When I’m asked what is my favourite cuisine the answer for many years has been: Lebanese.
My hummus love story began many years ago when I had just moved to London.
I became vegetarian because the family where I was an au pair, were vegetarian. I thought it was cool. I had just arrived from Croatia where for tea we eat pork fat spread over a giant piece of white bread and sprinkled it with paprika and salt!
Times since then in Croatia have changed and good old pork fat has been widely replaced with Choco pops.
Above the club where I worked after my au pair job was a kebab shop that belonged to the same owner, so our staff meals were taken there. To their shock and horror I was vegetarian but the chefs loved me and were making me colourful plates of everything meat free that was available.
I mean everything! Even though I had just come out of the war I wasn’t really looking like I was starved to death, but people from that kebab part of the world are real feeders. If you don’t eat to a stupid level they get offended!
Make hummus not war!
I remember on the first day the chef asking me; ‘so what would you like to eat?’ smiling at me. Looking baffled, at all very foreign food to me, spread behind the counter. ‘No idea!’ I said. ‘Have you ever tried hummus?’ he asked. To me it sounded like the stuff you use to impregnate the earth and not very appetising. He also said ‘if you have never tried hummus and this is the first time you taste it, be warned, you will get addicted and it will stay with you forever’. Um…o.k.
Boy, he was right! Love at the first taste! I have been a sucker for hummus since then until to my shock horror last summer when I discovered that I’m highly intolerable to chickpeas and sesame (Tahini!)! Noooooo….! But let’s not spoil the hummus story with my food intolerances.

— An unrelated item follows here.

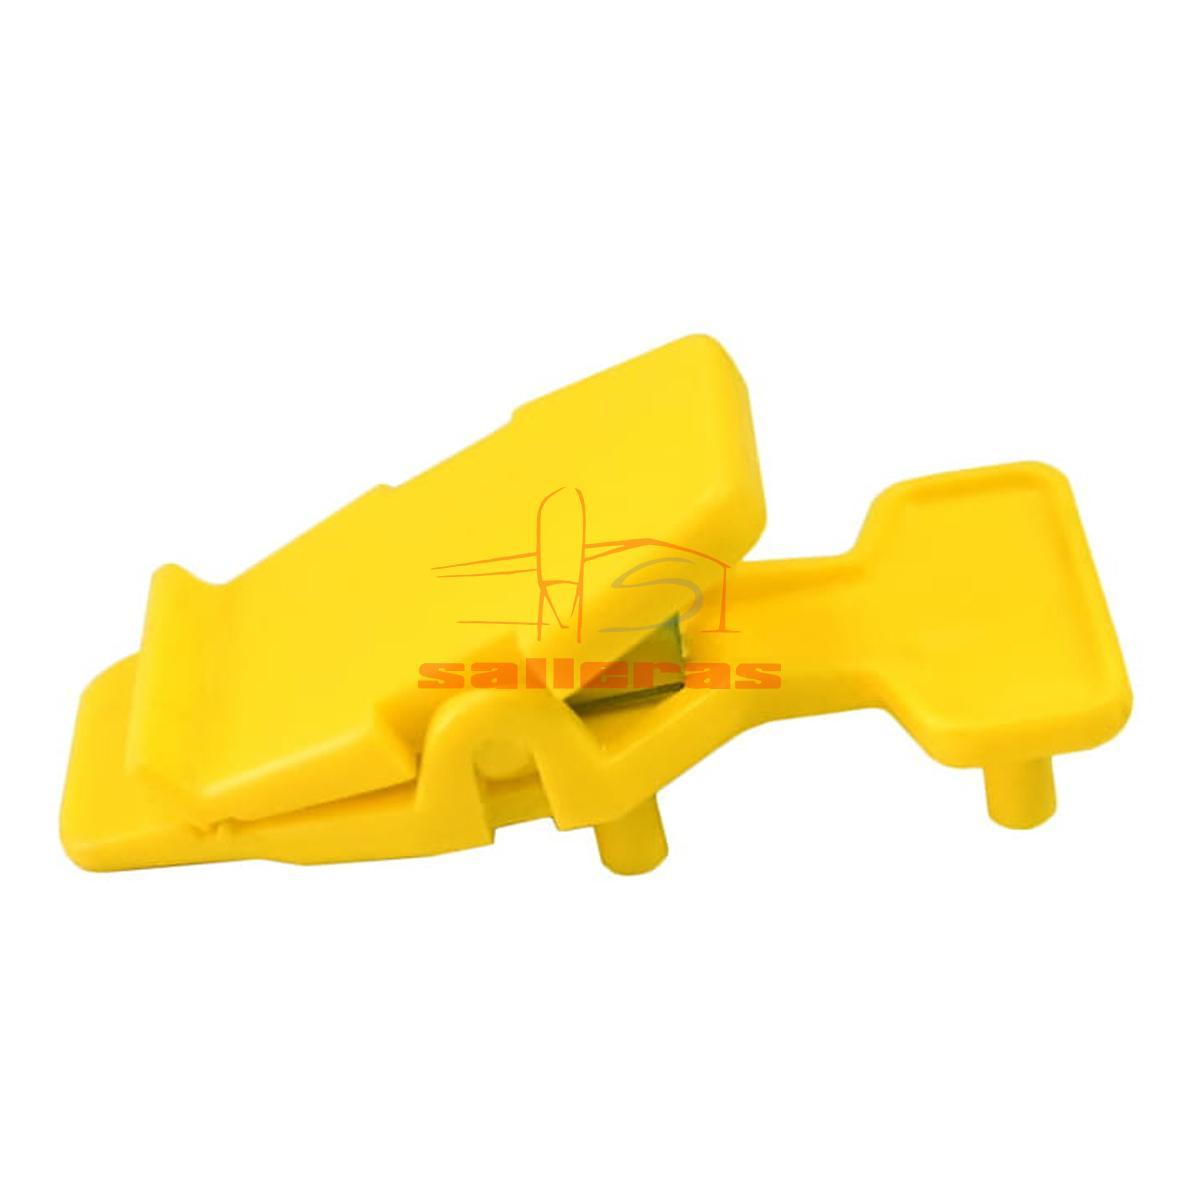 Dos pinzas amarillas para dosificador clutch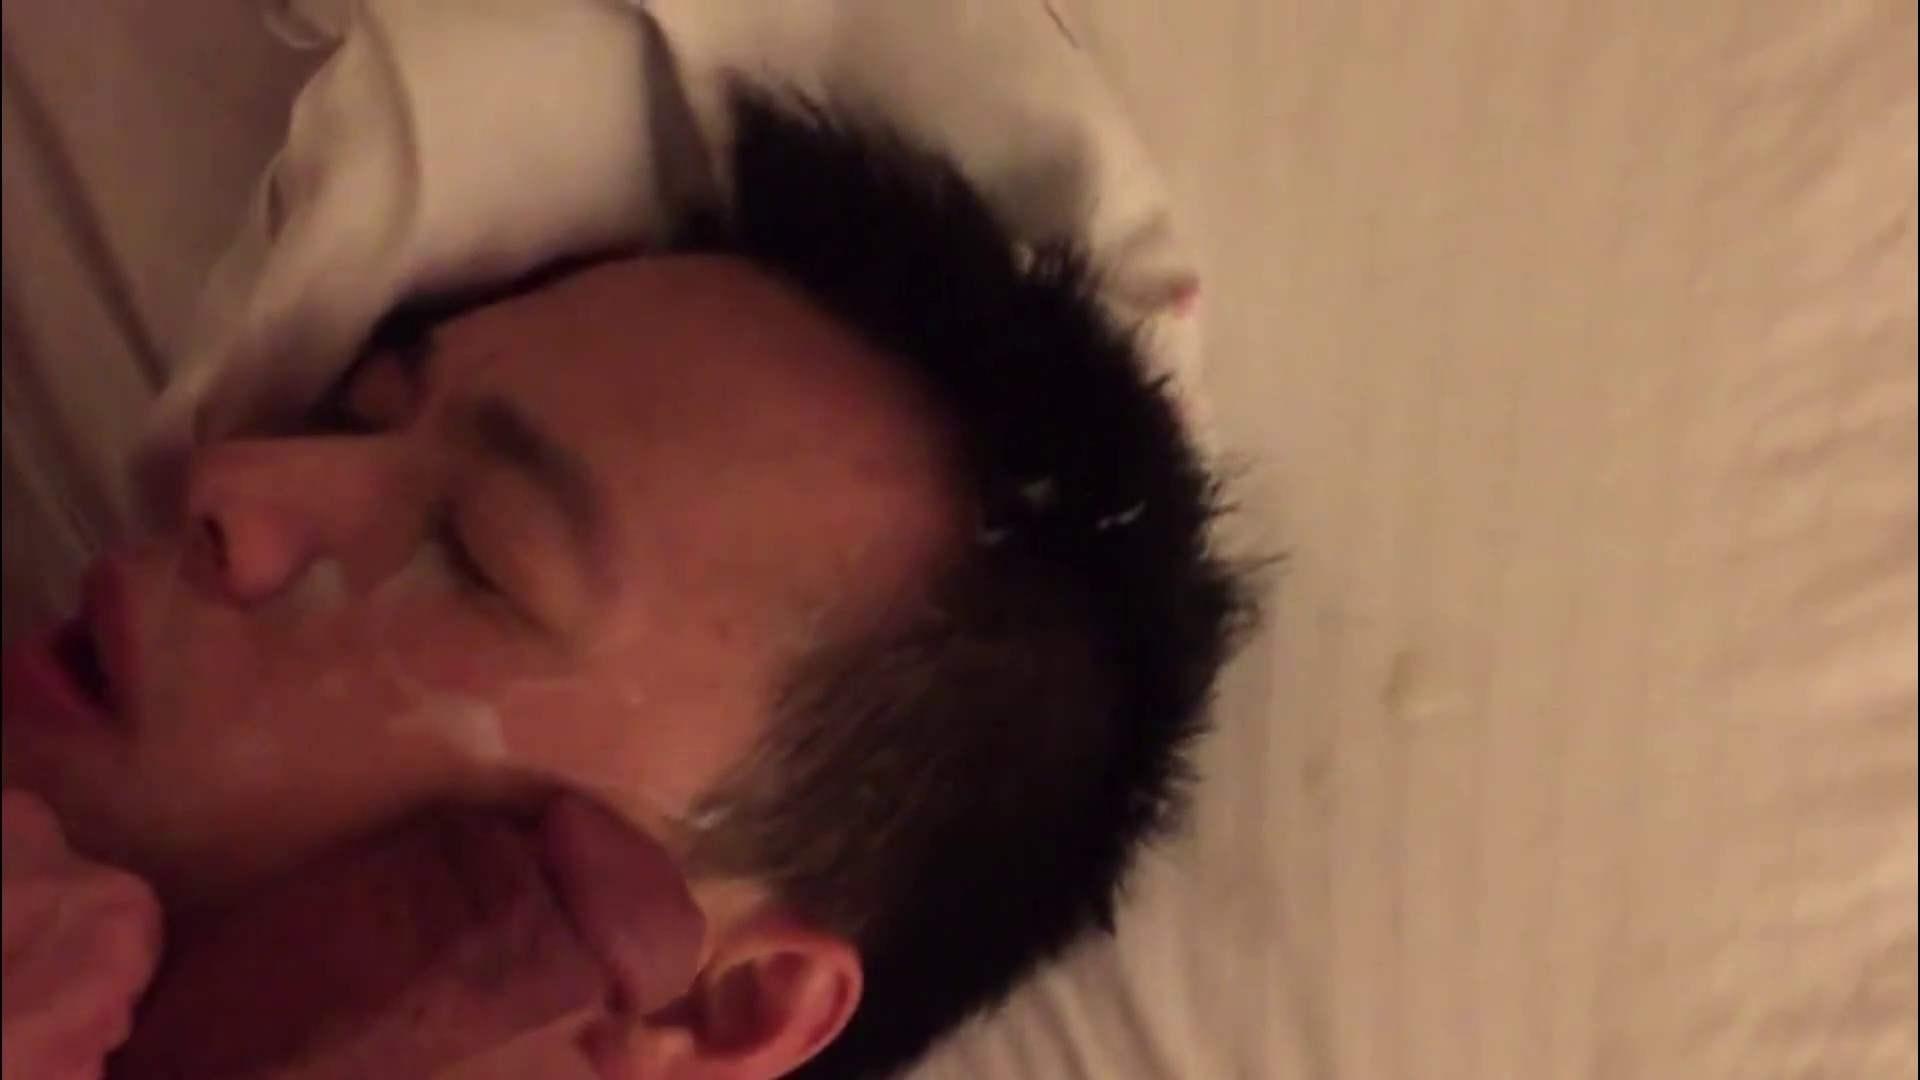 エロいフェラシーンをピックアップvol43 エロ特集 ゲイアダルトビデオ画像 108pic 99

The affair continued over the years in London with late night visits to Maroush in Beauchamp Place with my work colleagues from Paparazzi café in Fulham road after we finished the late night shift. That place was always open and chicken sandwiches with garlic sauce, falafels and fruit cocktail finished off with baklava was just what you needed before going to bed. But then I was in my twenties, so was my digestion, which was faster in those days!
And then came an offer of six months work in Dubai. I went and completely loved the whole Arabic food culture. While I was there I bagged myself a rather hot fiancé in the shape of a Palestinian/Jordanian God’s gift and imported him back to London upon my return. With him came ‘the ring’, Middle Eastern food culture; hummus, Babaganoush, Tabouleh, fatoush, lentil soups, baklava, mint tea drinking, occasional sisha smoking, and the habit of calling each other ‘habibi’. God’s gift’s mum used to send us ring shaped cookies all the way from Jordan which were filled with date paste and anise. Bless her heart, she’s not with us anymore but I will always remember her for her kindness and her wonderful cookies.
At the end he went crazy for my oven roasted vegetables! We parted after five years of ‘engagement’, which really meant that we were just boyfriend and girlfriend. But when your other half is from that part of the world, you gotta wear a ring, so that everyone knows, you’re ‘his’.
It was easier for me after we split up, I could find good hummus on every corner in London but he couldn’t find my oven roasted vegetables anywhere…Ah, story of my life said too many times.
So, I know good hummus when I see it that is for sure. I can also proudly say that Passion was probably the first place to serve hummus in Ibiza. When I arrived here in 2001 it was nowhere to be found. It was an instant success in Passion, along with falafel and fresh mint tea. And it still is.
I was delighted when Paloma Café opened a few years after serving delicious hummus. It is quite different from the Lebanese hummus I’m so used to as their hummus is prepared the Israeli way, more runny and easier on tahini and lemon, but devilishly good too.
We are now able to offer you a beautiful, colourful, healthy Lebanese meze. After this meze there is no need for a main course.
You just sit and forever savour small dishes of absolute delight, sipping on mint tea and finishing it all with rosewater, Lebanese milk pudding or baklava. Yummy!!!
I’m very enthusiastic about this cuisine as it is so natural and abundant in fresh ingredients, unprocessed food, fresh herbs, lovely spices and lots of vegetables!
I don’t know about any cuisine that pays so much attention to the combination of dishes on the table. A vegetable dish has to be present, colourful pickles, black and green olives, fresh warm flat breads, lots of herbs and wonderful spices. Dishes are decorated with chopped parsley, pomegranate seeds, zaatar, sumac, pickled cucumber, paprika, pine nuts, swirls of good olive oil…yet they are very simple and elegant in their presentation.
Lebanese meze is ridiculously tasty, light, healthy, natural and beautiful to share. Ideal for a light lunch, ideal for a light late night dinner before hitting the dance floor or just simply ideal to really indulge and lay down afterwards with a good probiotic handy!